採用活動には、採用計画の策定、求人媒体の選定、求人原稿の作成、スカウト、応募者対応、面接日程調整、内定者フォローなど多くの業務があります。
これらをすべて自社で対応するには、人員だけでなく採用ノウハウも必要です。採用代行を活用することで、自社だけでは対応しきれない業務を外部リソースで補えるようになります。
採用代行に依頼できる代表的な業務

採用代行に依頼できる業務は、求職者を集める「母集団形成」から、応募者の選考、内定後のフォローまで多岐にわたります。
母集団形成では、採用ターゲットの整理や求人媒体の選定、求人原稿の作成・改善、スカウトメールの送信などが代表的です。求人を掲載して終わりではなく、応募状況を確認しながら原稿や募集条件の見せ方を改善するサービスもあります。
応募が発生した後は、応募者への連絡や書類選考の補助、面接日程の調整などを任せられます。さらに、サービスによっては説明会や面接の代行、合否連絡、内定者への連絡や入社までのフォローにも対応しています。

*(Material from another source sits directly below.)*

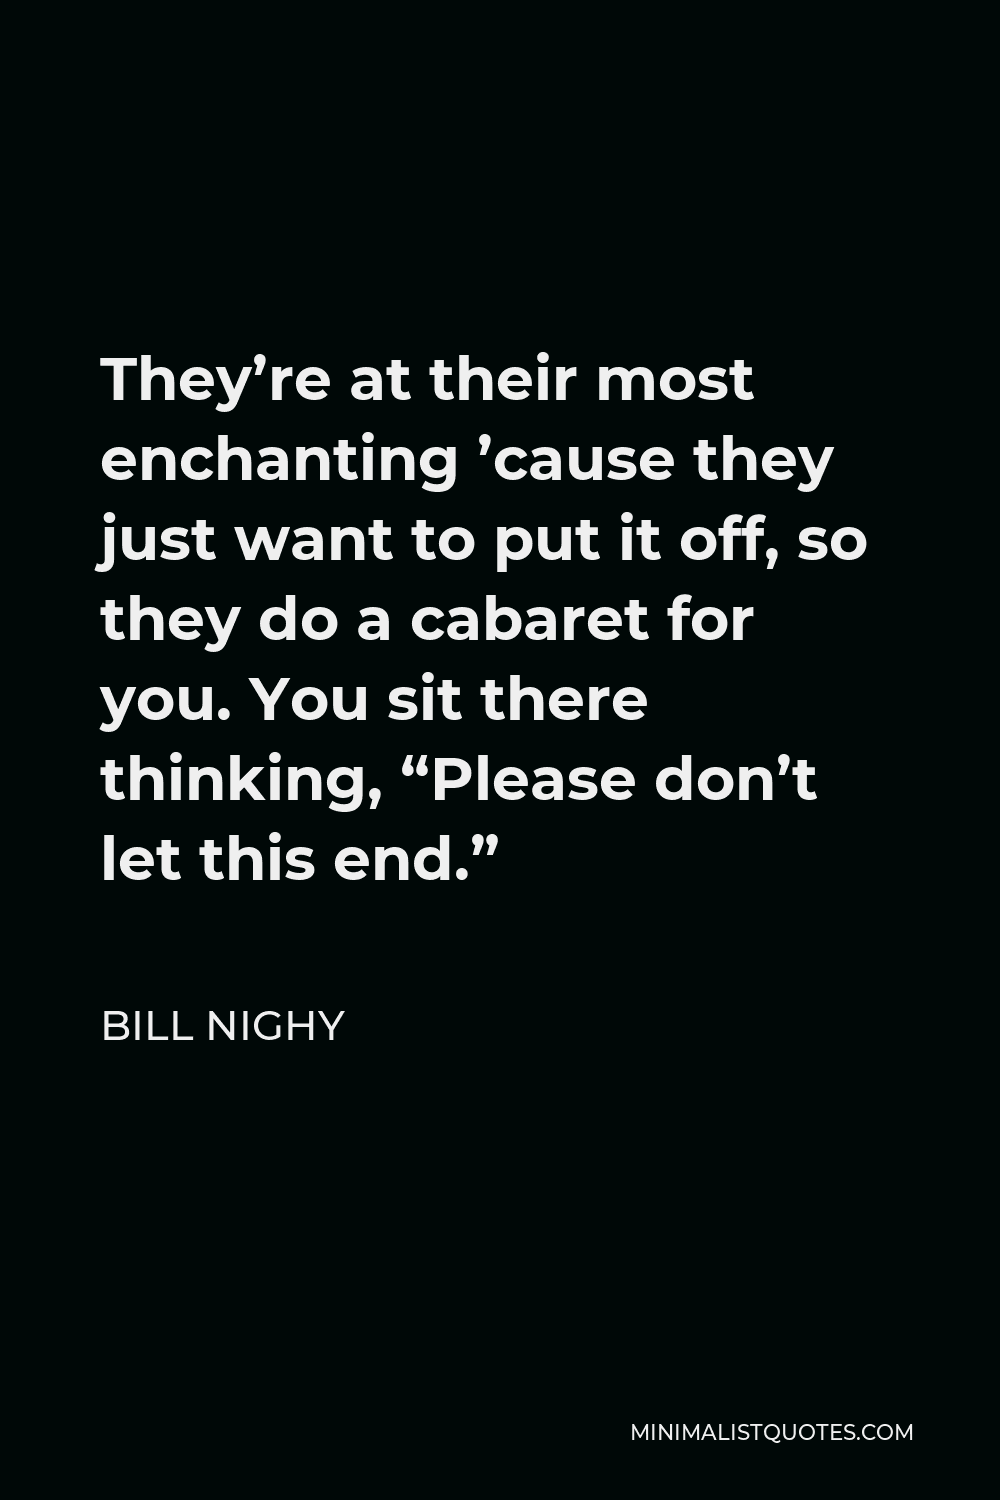 Bill Nighy Quote - They’re at their most enchanting ’cause they just want to put it off, so they do a cabaret for you. You sit there thinking, “Please don’t let this end.”

つまり、採用代行は「採用活動をすべて外部に任せるサービス」とは限りません。たとえば応募者対応だけを委託したり、母集団形成から面接調整までをまとめて任せたりと、自社の状況に応じて利用範囲を決められます。
人材紹介・採用コンサルとの違い
採用代行と混同されやすいサービスとして、人材紹介や採用コンサルティングがあります。
| サービス | 主な目的 | 特徴 |
|---|---|---|
| 採用代行(RPO) | 採用業務の実行・運用 | 採用業務の一部または大部分を外部化 |
| 人材紹介 | 候補者の紹介 | 条件に合う人材を紹介してもらう |
| 採用コンサル | 採用課題の解決 | 採用戦略や選考プロセスなどを改善 |
「候補者を紹介してほしい」のか、「採用業務そのものを任せたい」のかによって、適したサービスは変わります。
採用代行を利用するメリット・デメリット
採用代行には、採用担当者の負担を軽減できるメリットがある一方、外注費用や情報共有などの注意点もあります。
導入前に両方を把握しておきましょう。
採用代行のメリット
代表的なメリットは以下のとおりです。
採用担当者の負担を軽減できる
応募者対応やスカウト、面接日程調整などを外部へ任せることで、採用担当者は面接や採用判断、社内調整などに時間を使いやすくなります。
外部の採用ノウハウを活用できる
採用代行会社には、求人媒体の運用やスカウト、選考などのノウハウがあります。自社に採用経験が不足している場合でも、外部の知見を取り入れながら採用活動を進められます。
採用活動を止めずに進めやすい
採用担当者が他業務を兼任していると、応募者への返信や求人改善が後回しになる場合があります。外部リソースを活用することで、採用活動を継続しやすくなります。
採用代行のデメリット・注意点
一方で、採用代行には次のような注意点があります。
外注費用が発生する
依頼範囲が広くなるほど費用も高くなる傾向があります。そのため、「何を外部へ任せるのか」を明確にしておく必要があります。
自社にノウハウが残りにくい場合がある
採用業務を外部へ任せきりにすると、求人改善やスカウトなどのノウハウが社内に蓄積されない可能性があります。
情報共有が必要になる
採用ターゲットや募集条件について認識がずれていると、期待する採用活動になりません。採用代行会社と定期的に情報共有できる体制が必要です。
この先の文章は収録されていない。